J Neurosci Methods. 1998 Aug 31;83(1):1-14. doi: 10.1016/s0165-0270(98)00065-x.
This paper reviews some novel spectral analysis techniques that are useful for neurological signals in general and EEG signals in particular. First, some drawbacks and limitations of the commonly used Fast Fourier transforms (FFTs) are presented, and then alternative algorithms are outlined. An auto-regressive (AR) modeling based spectral estimation procedure is presented to overcome the problems of lower resolution and 'leakage' effects inherent in the FFT algorithm. For signals which are transient in nature or rapidly time-varying, two alternative algorithms are presented. The first is an adaptive AR parameter estimation algorithm and the second is a wavelet based time-frequency representation algorithm. Finally, a Spectral Distance measure and the Itakura distance measure are presented to quantify the differences between the spectra of two signals in a succinct manner. The application and performance of all the algorithms is illustrated using electroencephalograms (EEGs) recorded in animals during hypoxic asphyxic injury to brain.

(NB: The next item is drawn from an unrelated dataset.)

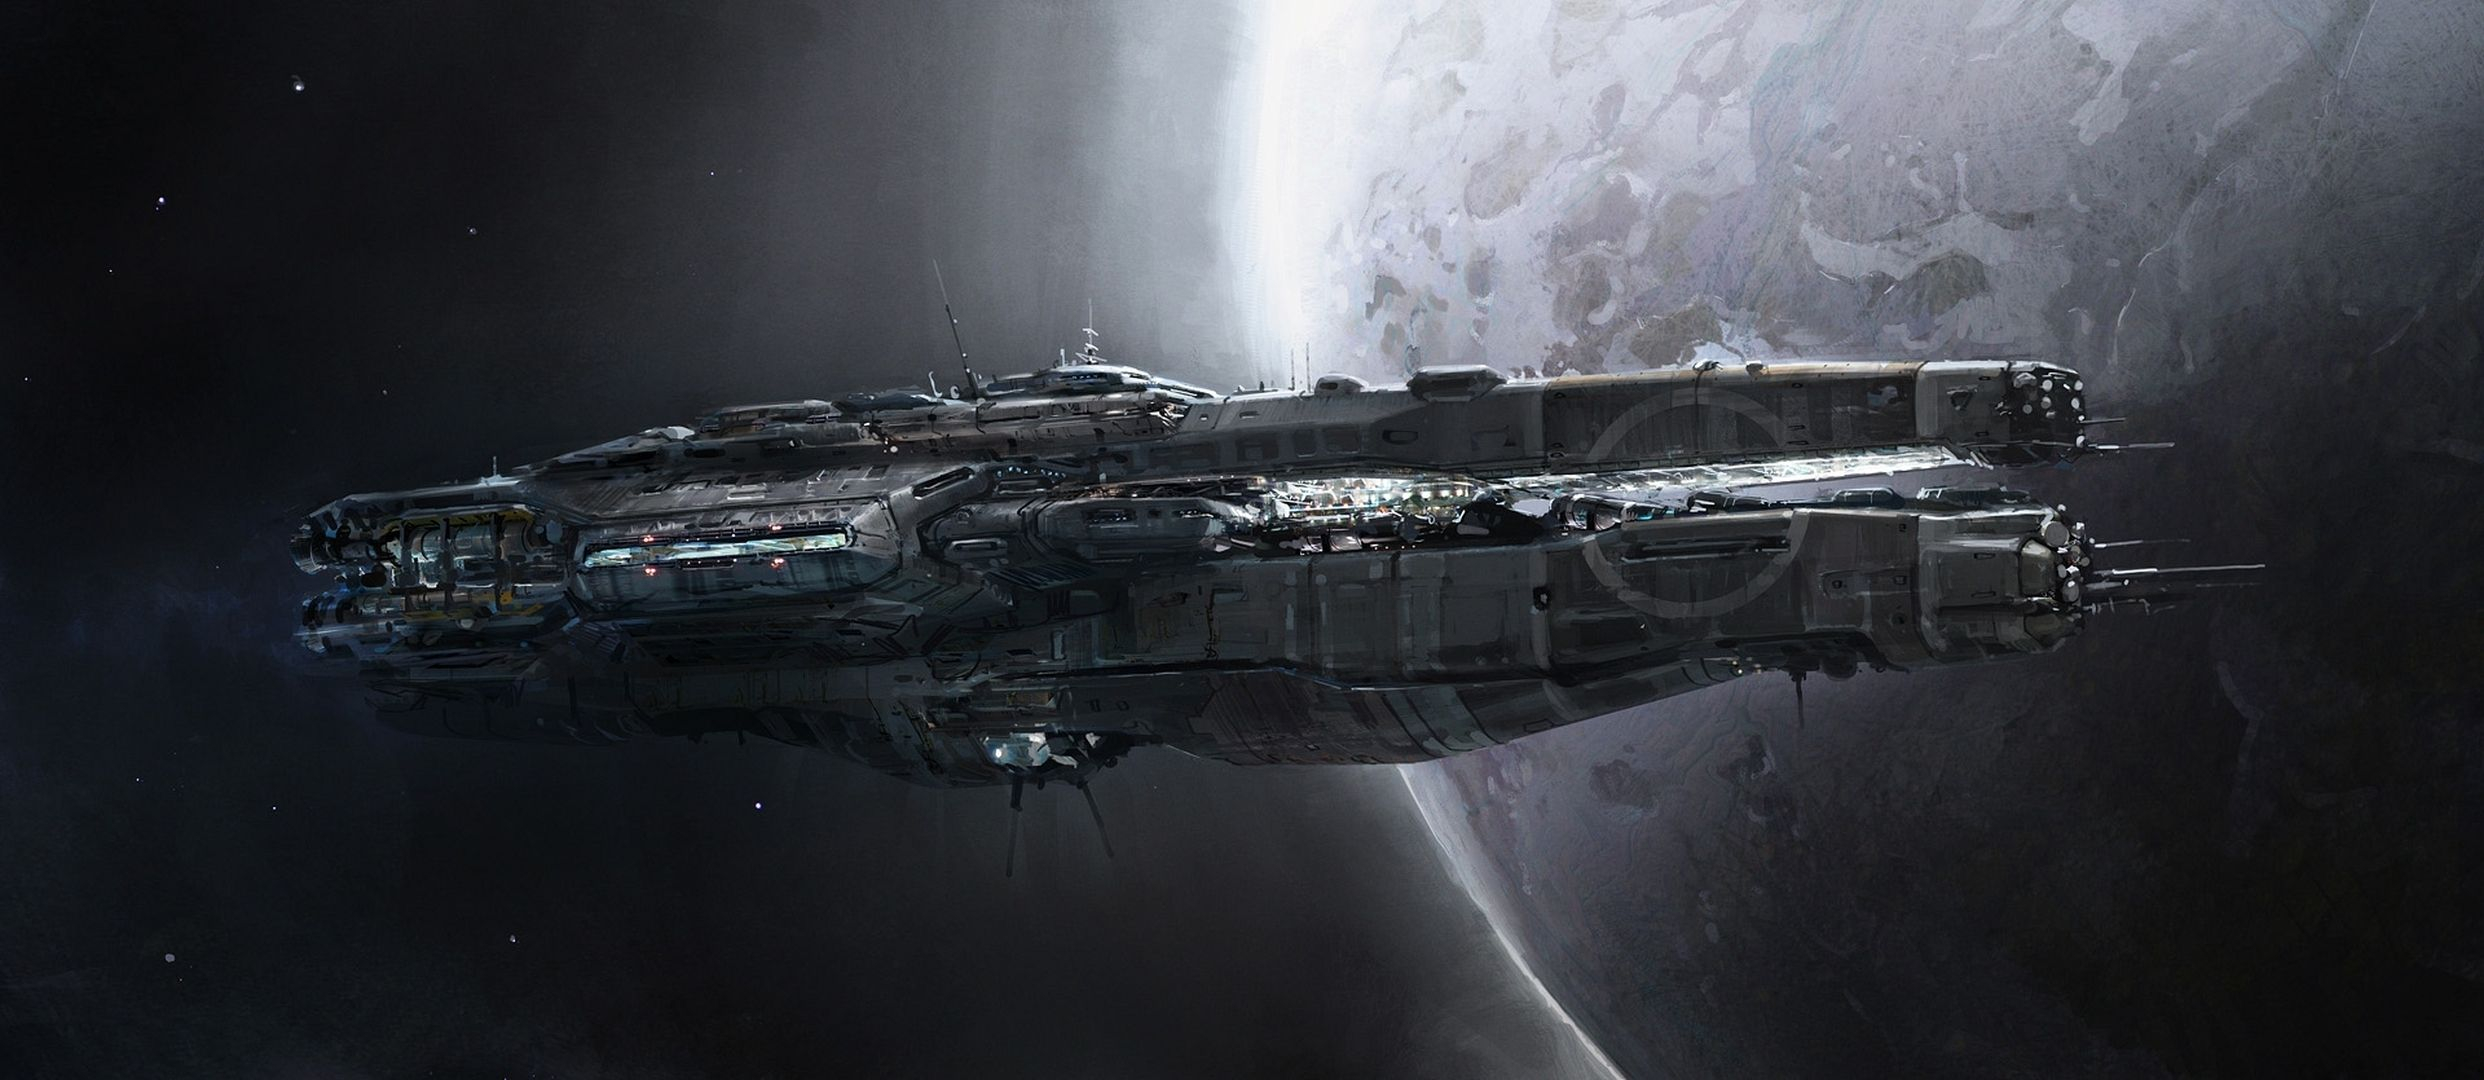 2484x1080 Sci Fi Spaceship Wallpaper | Concept ships, Sci fi wallpaper, Spaceship art

本文综述了一些新颖的频谱分析技术,这些技术一般对神经信号有用,尤其对脑电图(EEG)信号有用。首先,介绍了常用快速傅里叶变换(FFT)的一些缺点和局限性,然后概述了替代算法。提出了一种基于自回归(AR)建模的频谱估计程序,以克服FFT算法固有的分辨率较低和“泄漏”效应问题。对于本质上是瞬态或快速时变的信号,提出了两种替代算法。第一种是自适应AR参数估计算法,第二种是基于小波的时频表示算法。最后,提出了频谱距离度量和伊塔库拉距离度量,以简洁的方式量化两个信号频谱之间的差异。使用动物在脑缺氧性窒息损伤期间记录的脑电图(EEG)说明了所有算法的应用和性能。